=== Required action ===
All the lines below should be set down exactly, with no picture carried into the copy.

=== Recorded information ===
⁂
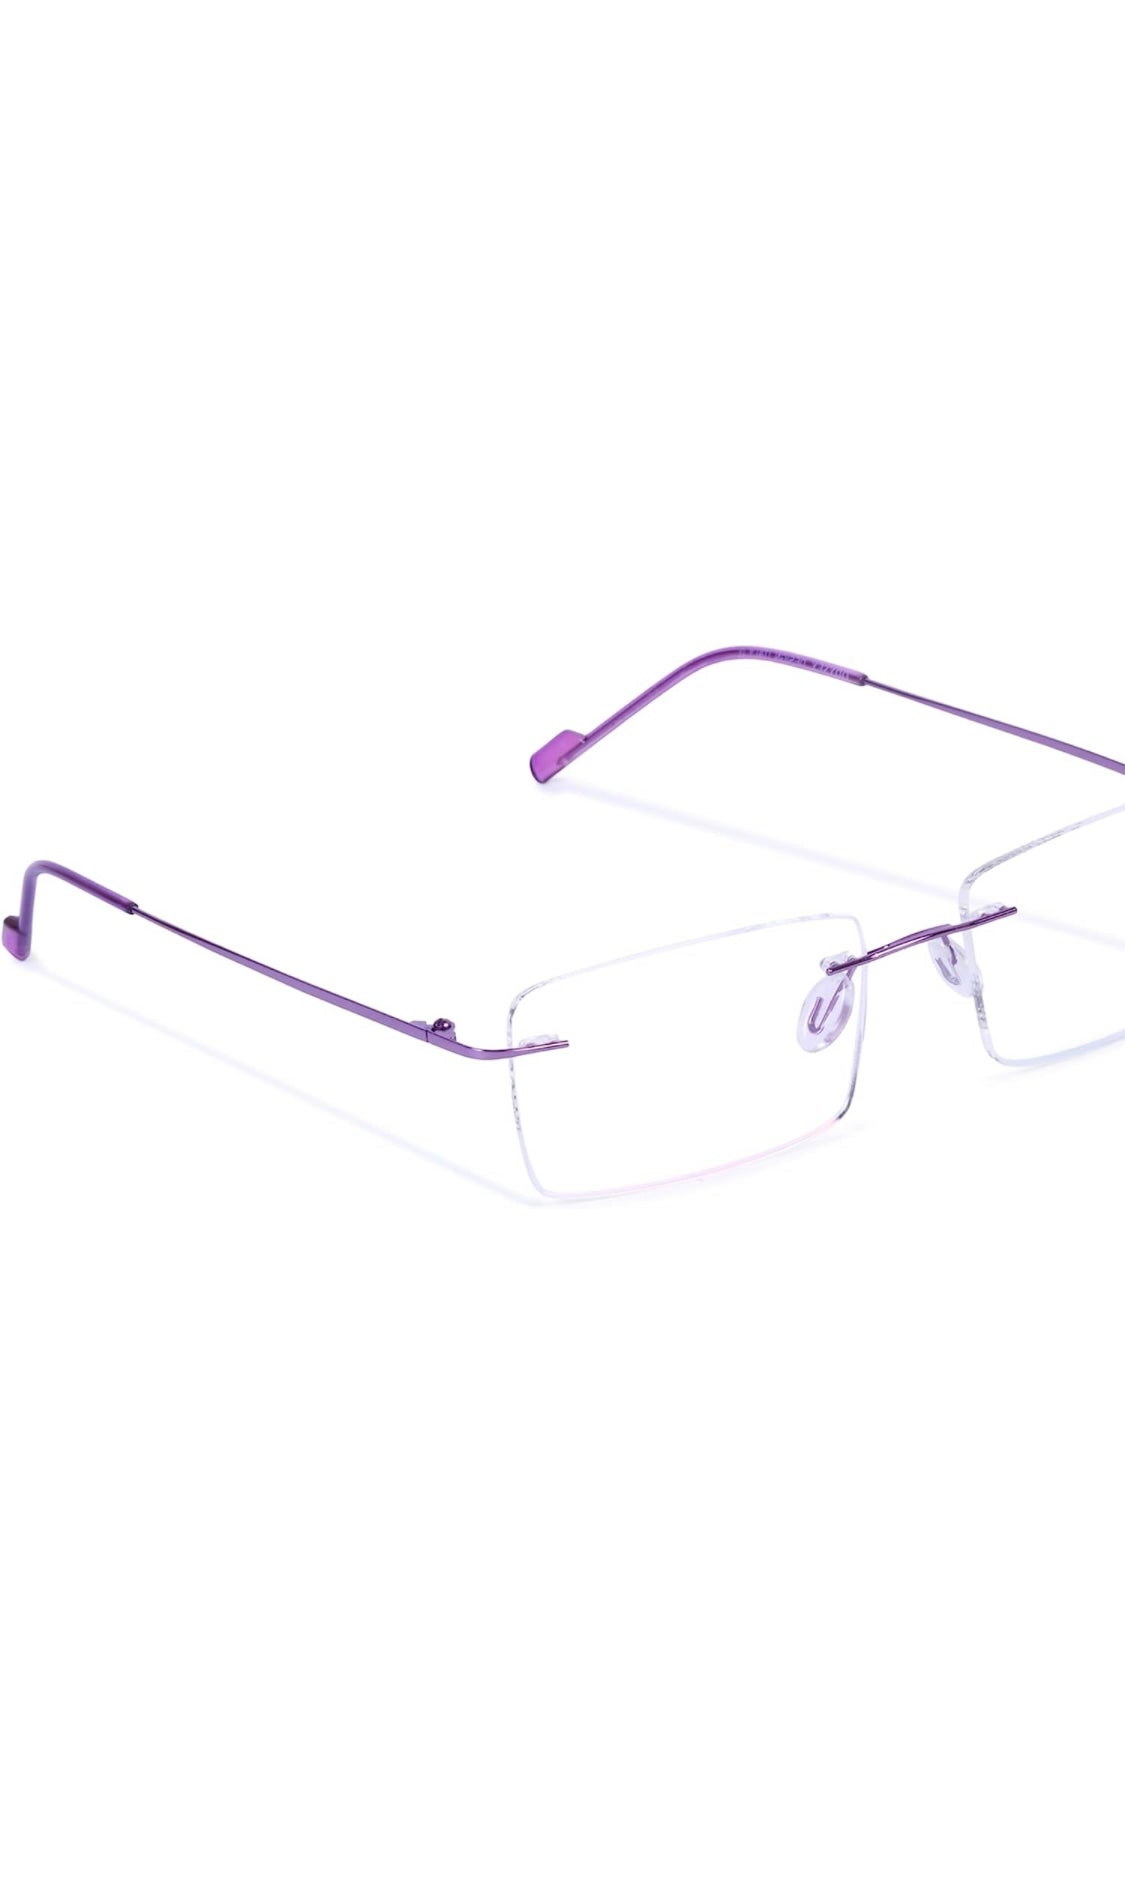 Jodykoes® Premium Rimless Anti Glare Rectangle Frame Spectacle Eyeglasses Eyewear (Purple) - Jodykoes ®
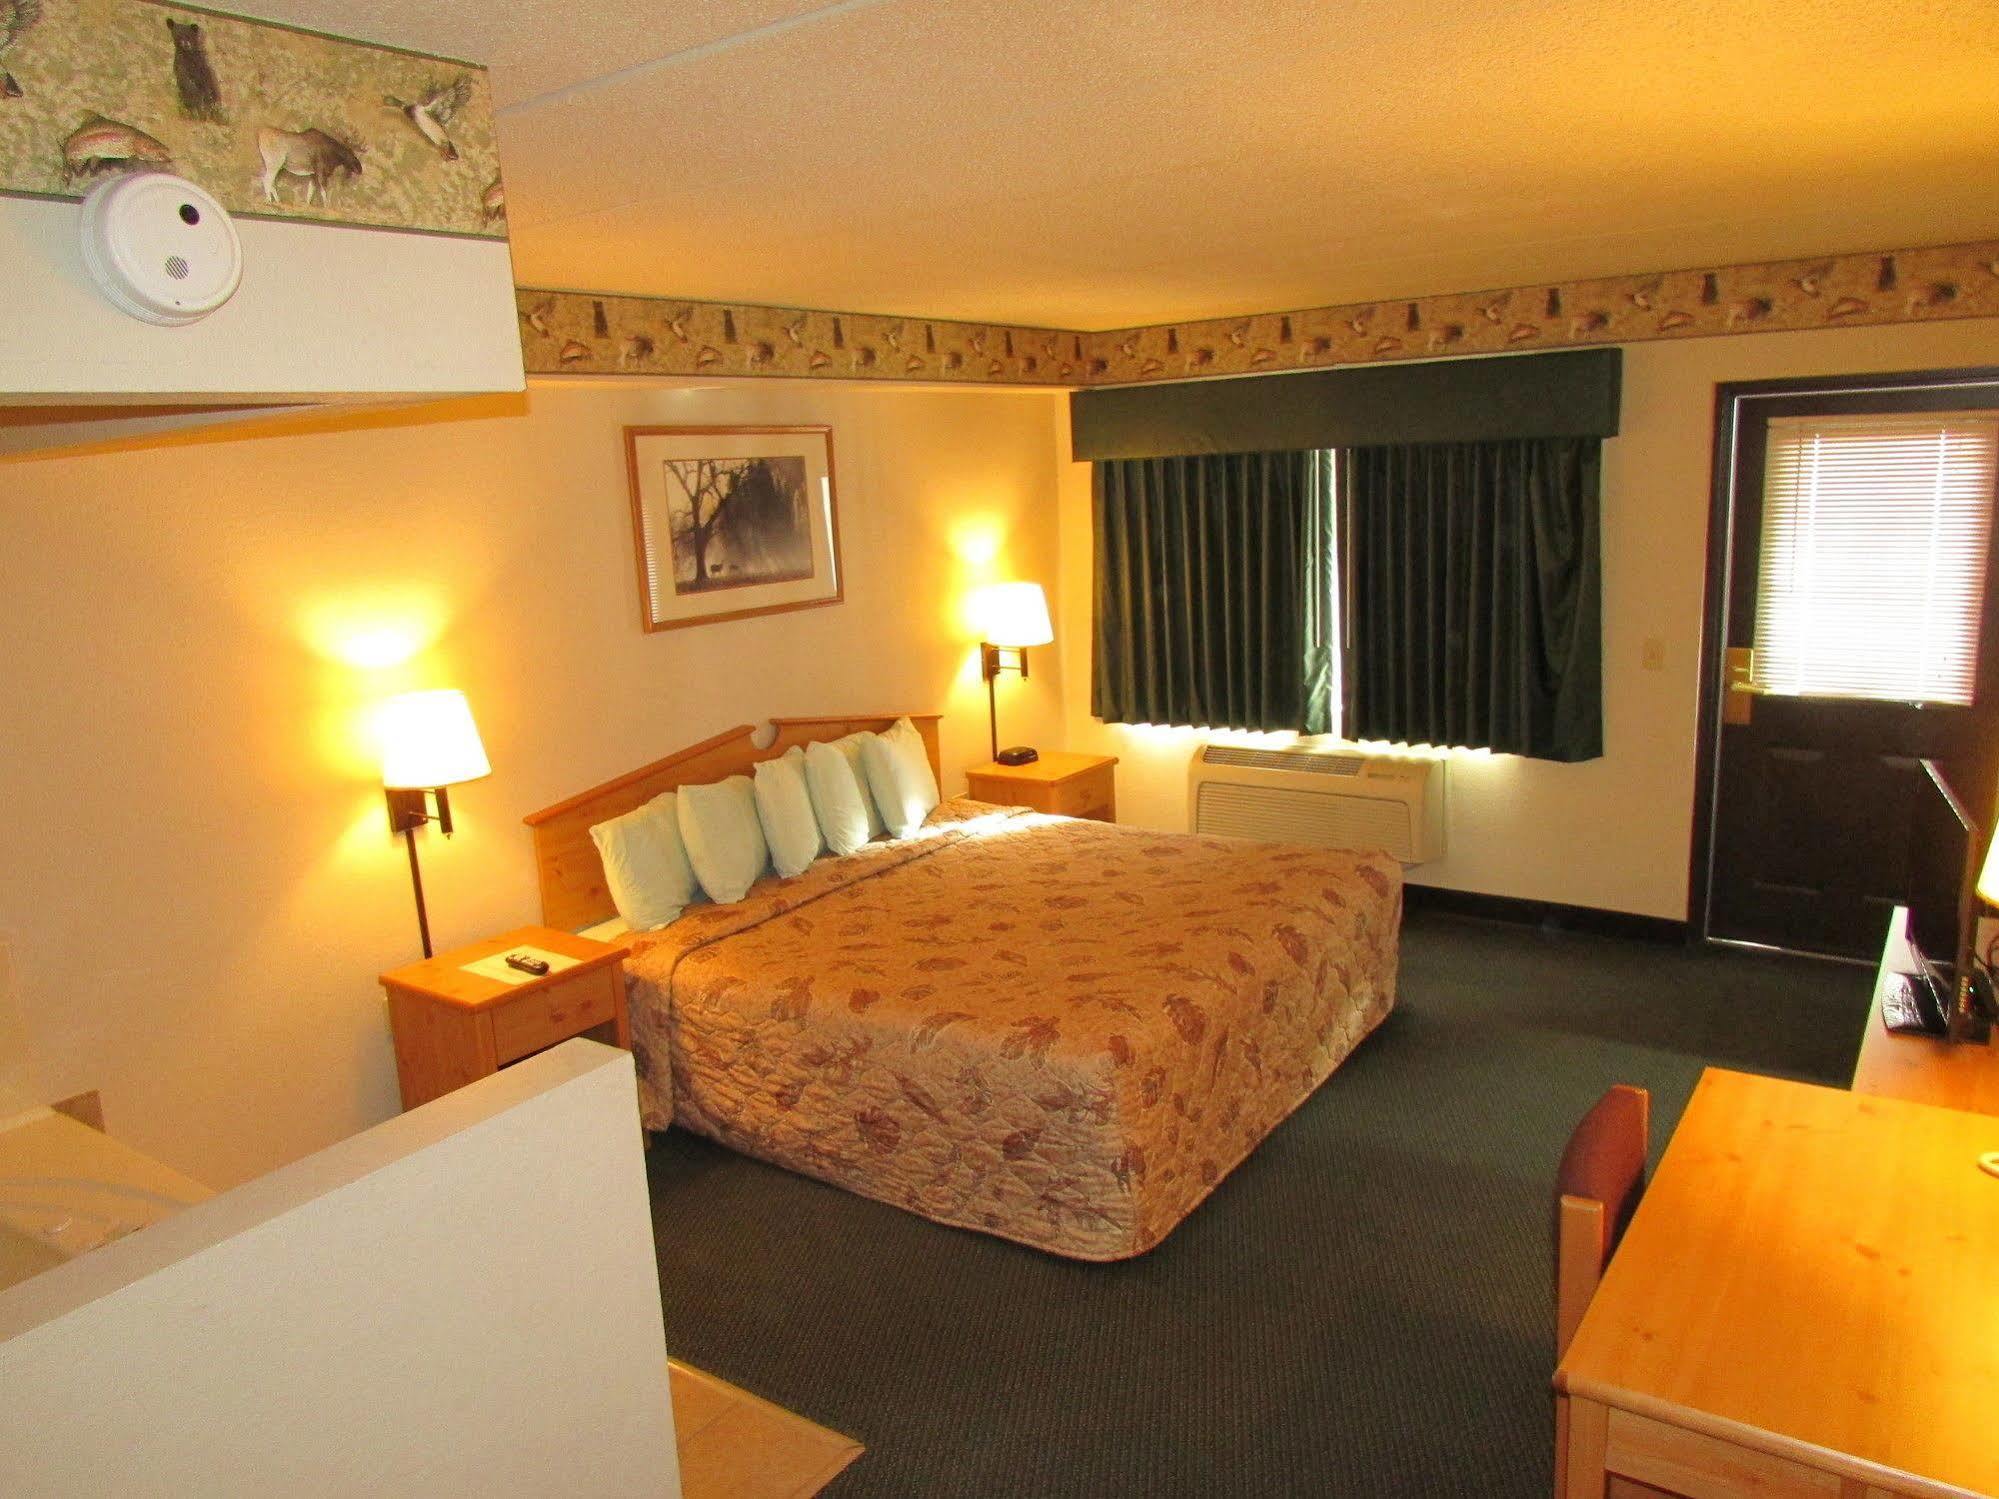 Amerivu Inn & Suites Shell Lake エクステリア 写真
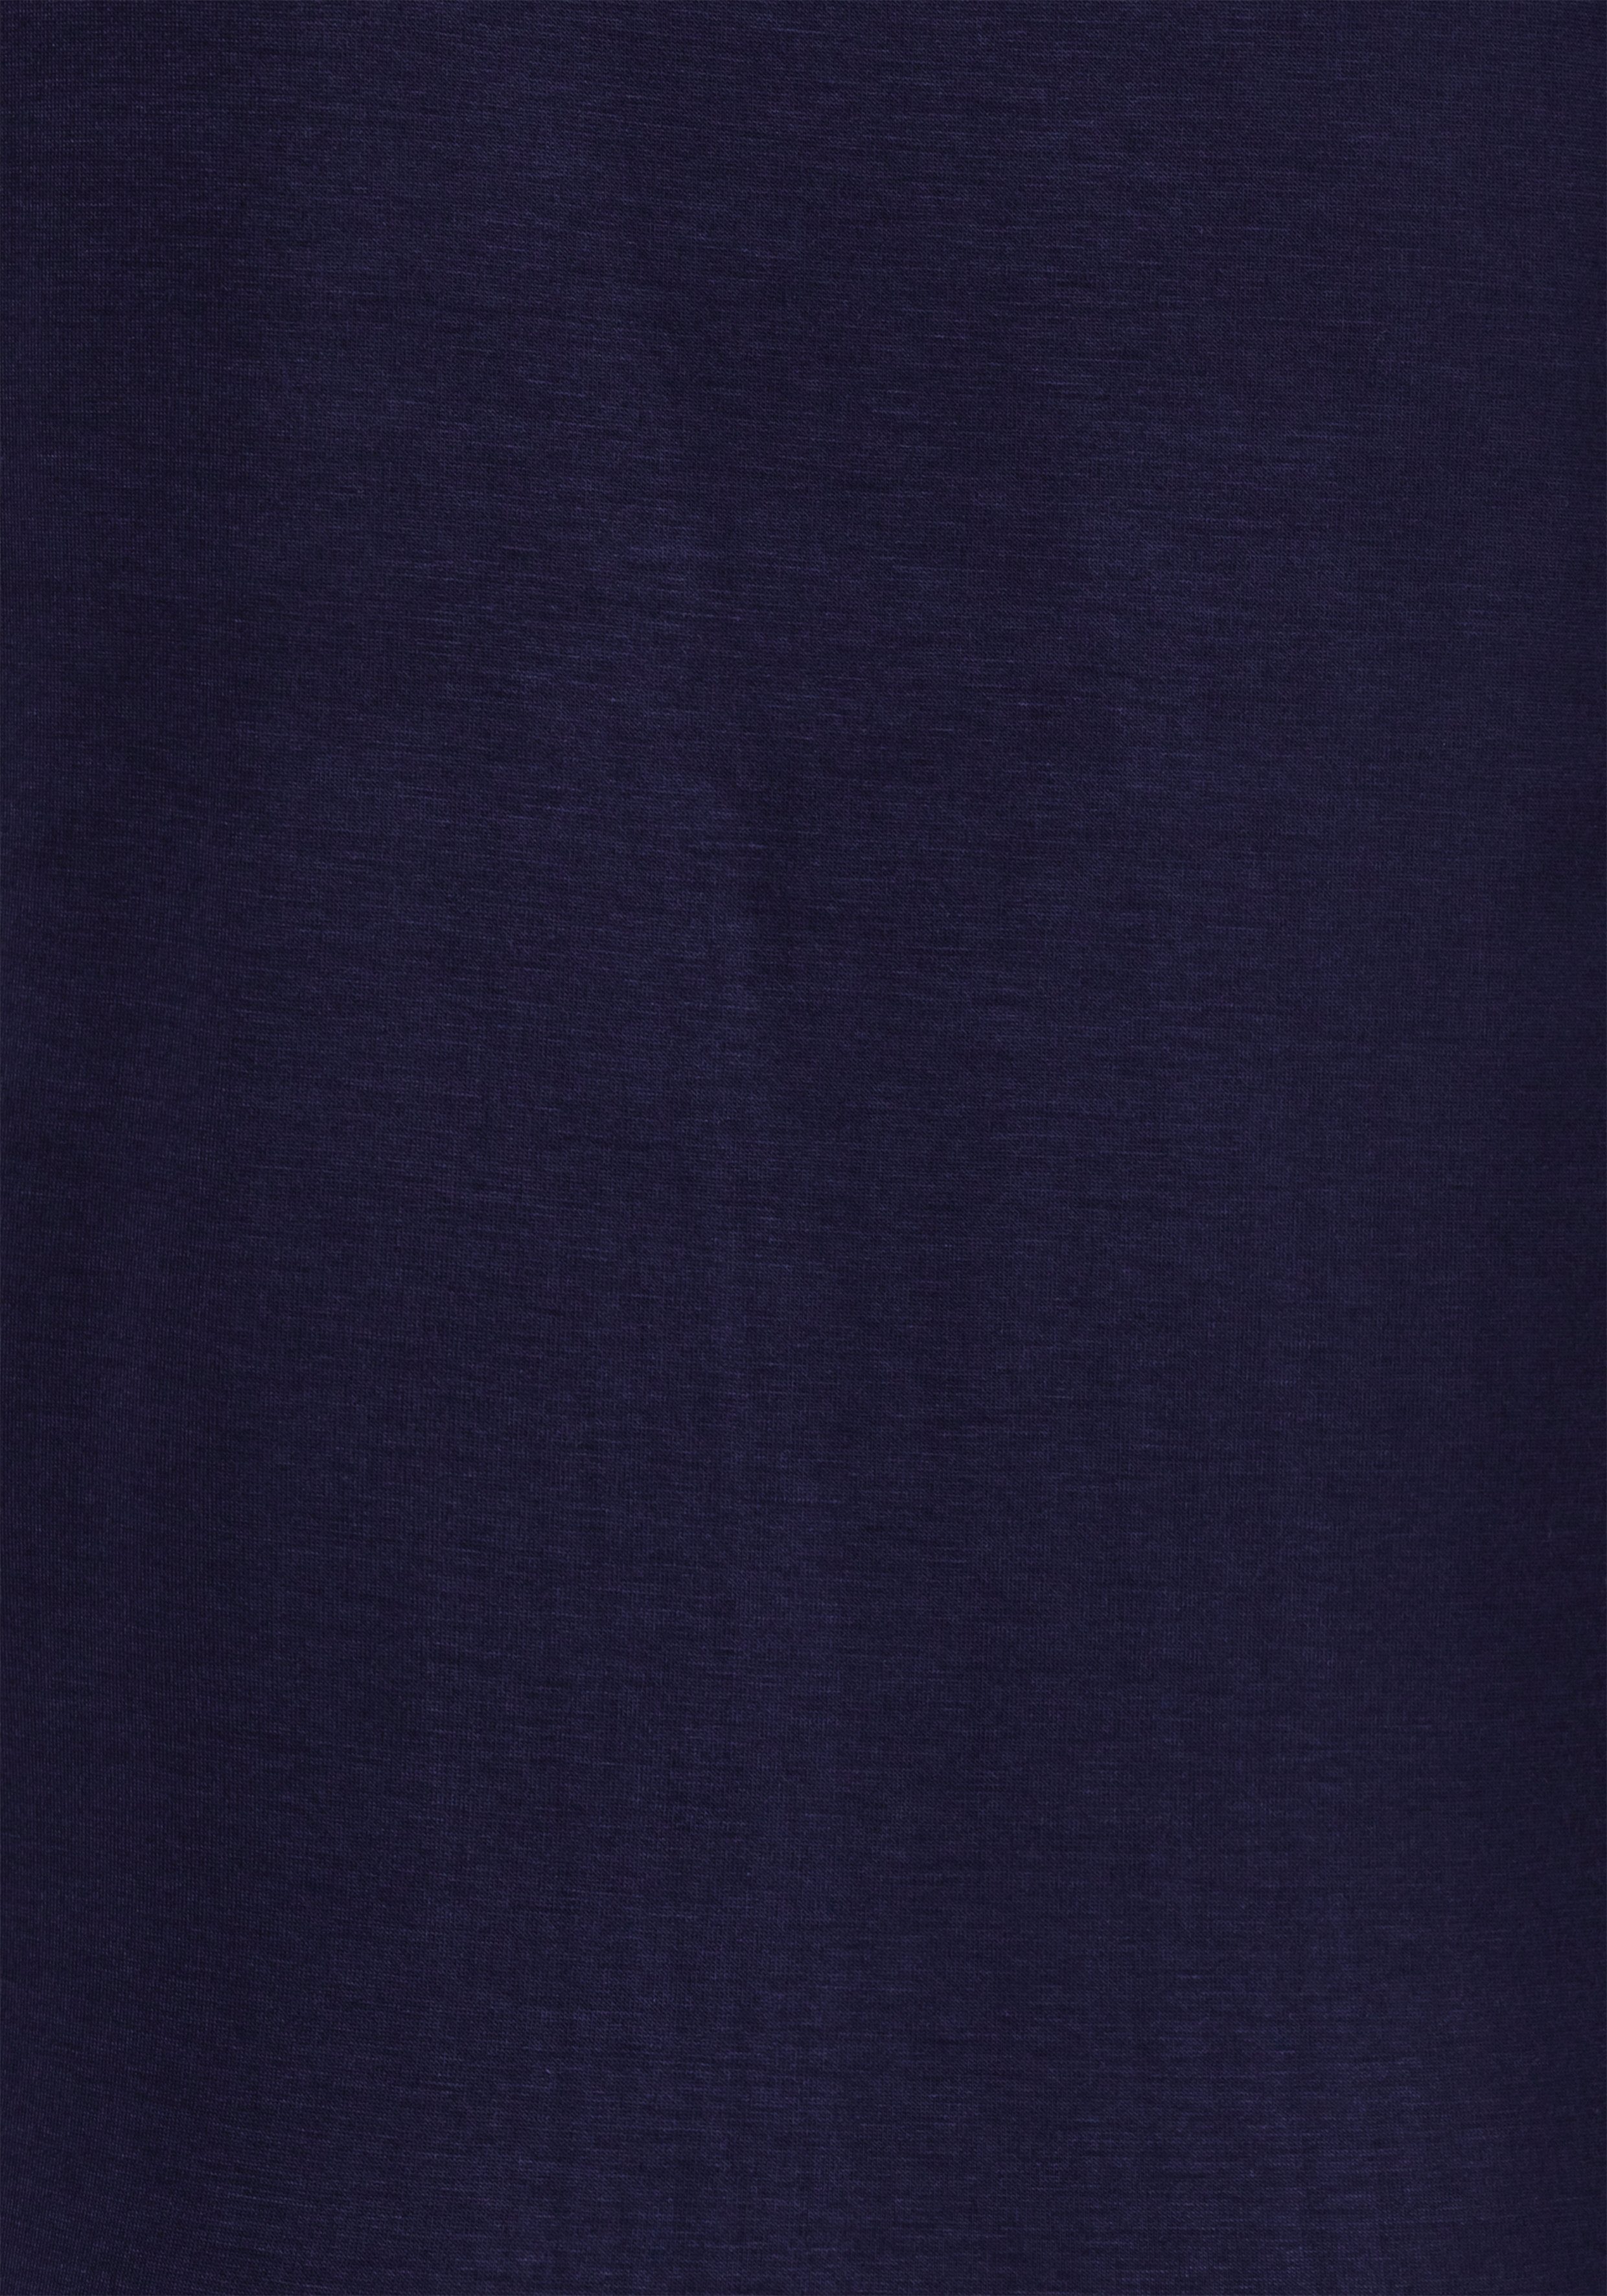 LASCANA T-Shirt mit angeschnittenem Arm dunkelblau
⁂
=== Answer ===
 Jodykoes® Premium Rimless Anti Glare Rectangle Frame Spectacle Eyeglasses Eyewear (Purple) - Jodykoes ®
 Amerivu Inn & Suites Shell Lake エクステリア 写真
 LASCANA T-Shirt mit angeschnittenem Arm dunkelblau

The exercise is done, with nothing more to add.